Handong Global University, South Korea

Bacterial symbioses are vital in the human host. Gut microbiota, in particular, are closely associated with physiological traits and several diseases. Therefore, a major focus has shifted to the potential of probiotics as bacterial therapeutics for modulating the gut microbiota. Several recent studies on the impact of microbiota modulation by selected functional strains in specific disease models are supporting this concept. However, mechanisms of the modulation by probiotics administration have not been fully elucidated, thus severely limiting prediction and control of modulatory effects on the bacterial community.

Bacteria-bacteria interactions are primary events in any bacterial community. Among these, bacterial quorum sensing, cell-density dependent and secretory signalling systems provide valuable opportunities for unveiling mechanisms of the bacterial community construction. In particular, the LuxS-mediated autoinducer-2 (AI-2) signalling system is found in a wide variety of Gram-positive and Gram-negative bacteria, including Lactobacillus spp. It has been reported to regulate the expression of genes associated with specific adaptation and resistance to the environment. The signalling system also correlates with bacterial colonisation and adhesion to the host epithelial cell. Furthermore, recent studies suggest that AI-2 activity can support restoration of the balance between the phyla Firmicutes and Bacteroidetes in antibiotic-induced dysbiosis.
It is therefore expected that the AI-2 signalling status may influence a change in bacterial survival and even modulation of the gut microbial composition.

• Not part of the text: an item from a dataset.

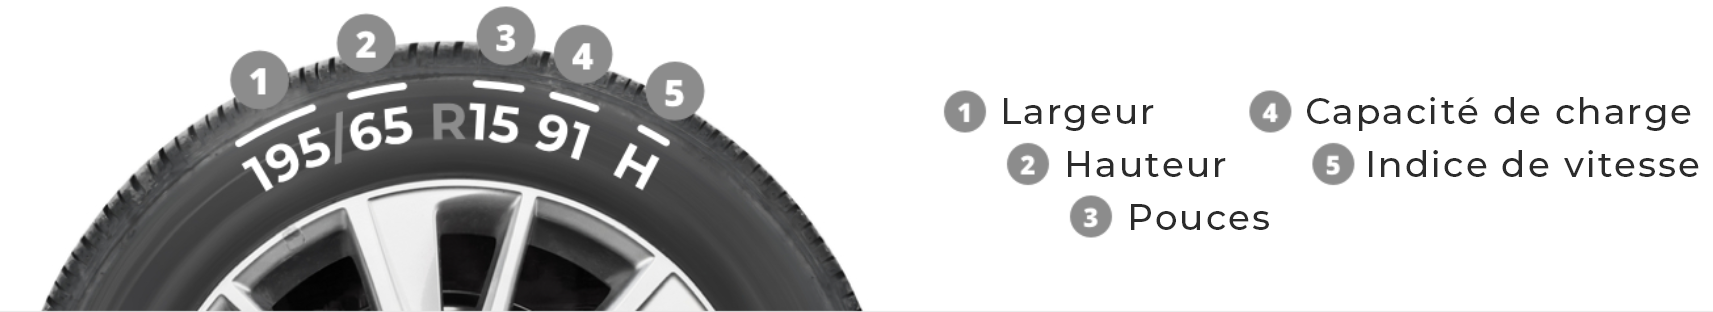 Taille de pneus

AI-2 signalling properties of 104 probiotic lactobacilli were analysed using a modified AI-2 bioluminescence assay for lactic acid bacteria. In order to evaluate the influence of AI-2 signal status on bacterial community changes, a synthesized AI-2 molecule and non-specific quorum signalling inhibitor were applied the human stool and C57BL/6J mouse experimental models. The bacterial community of each sample was analysed using qRT-PCR and 454 GS-FLX platinum pyro-sequencing based on the 16S rRNA gene.

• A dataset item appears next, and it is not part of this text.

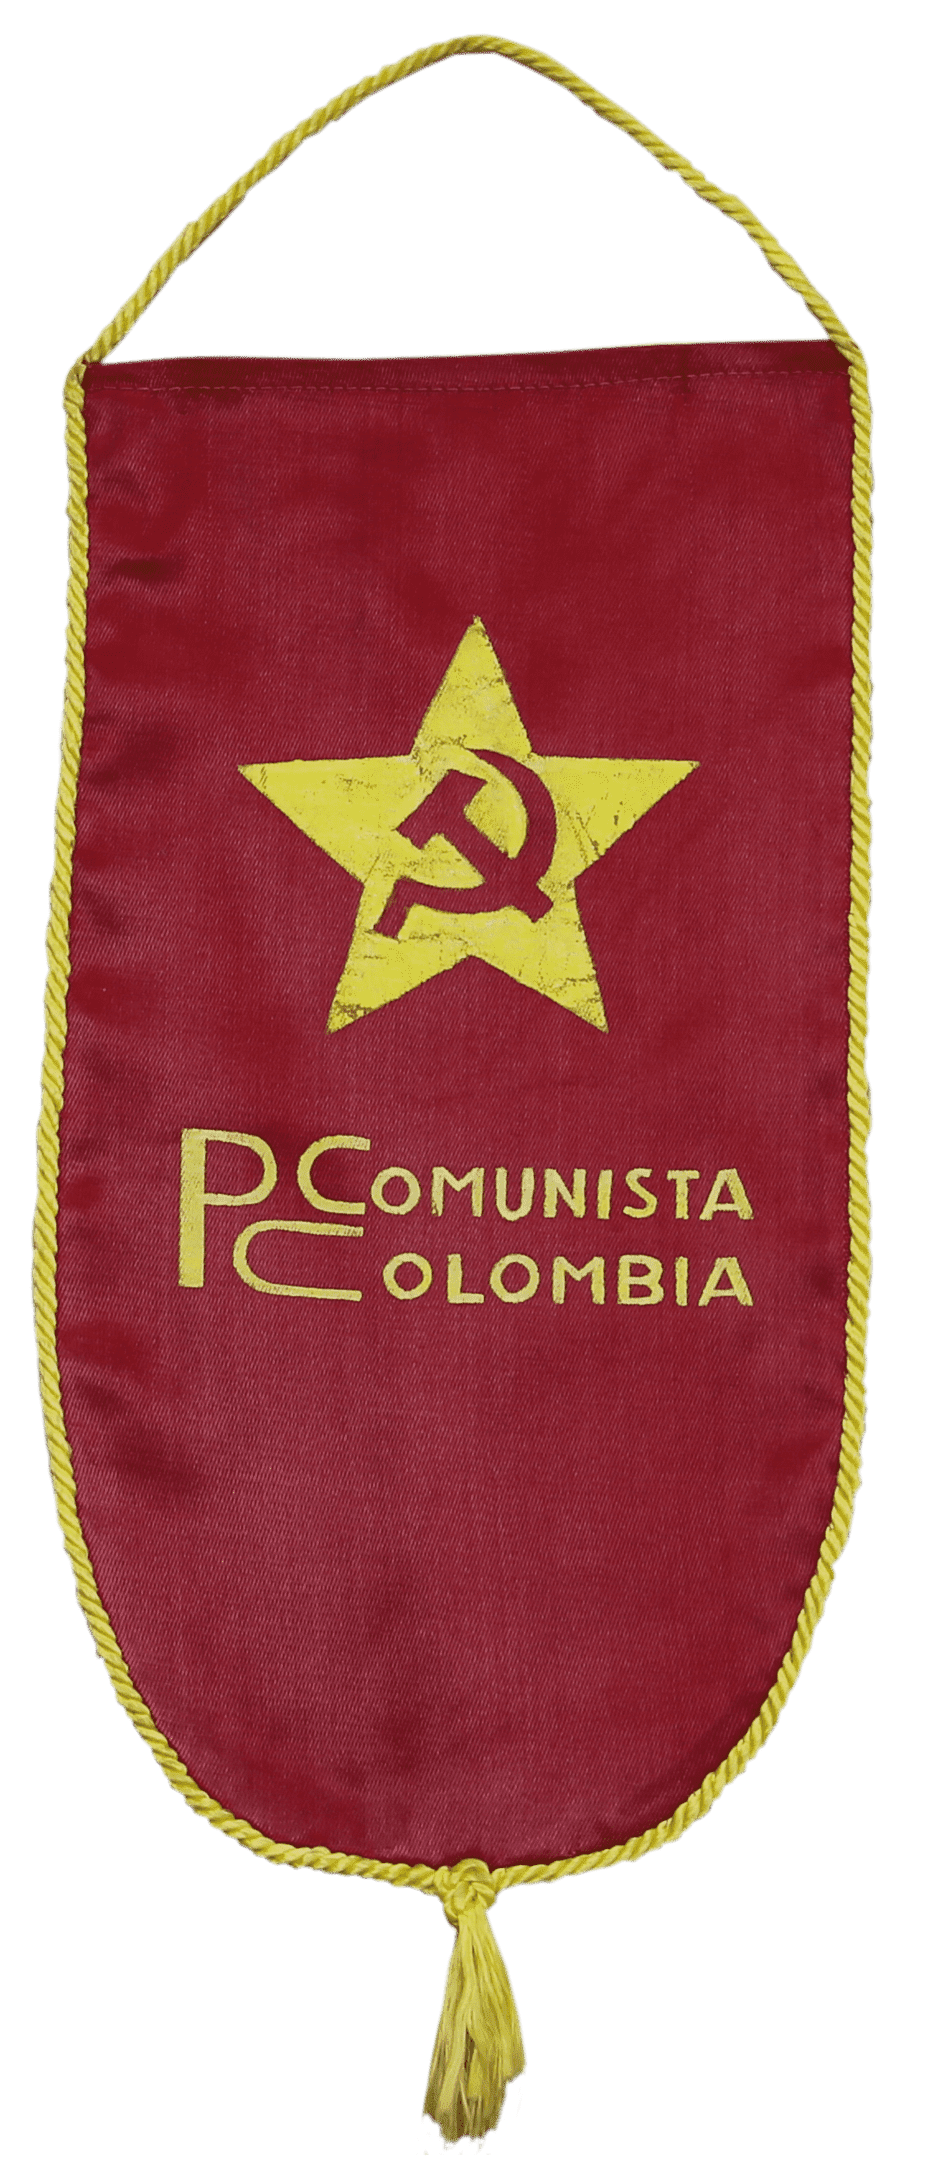 P Comunista Colombia 三角旗 斯大林格勒战役博物馆

Treatment of the human stool with AI-2 molecules resulted in a dose dependent change in composition ratio of Firmicutes/Bacteroidetes compared to the control. The tendency was also shown in shifts at the level of families and genera. Also the bacterial community distance matrix showed diverting changes in microbiota following AI-2 addition and inhibition. In the in vivo mouse model, modulatory effects differed significantly from the human stool model.
Our investigations showed Lactobacillus plantarum, Lactobacillus rhamnosus, Lactobacillus brevis, and Lactobacillus lactis to be AI-2 producing species, while Lactobacillus johnsonii and Lactobacillus sakei showed AI-2 inhibition features. In the case of Lactobacillus acidophilus, AI-2 production and inhibition were strain-specific. The differences in AI-2 signalling properties of probiotic Lactobacillus species or strains infer widely different bacterial interactions in the human gastrointestinal tract.

Although the AI-2 signalling in gut bacteria is still insufficiently understood, our results suggest the AI-2 signalling property of probiotics to be a key mechanism by which gut microbiota are modulated.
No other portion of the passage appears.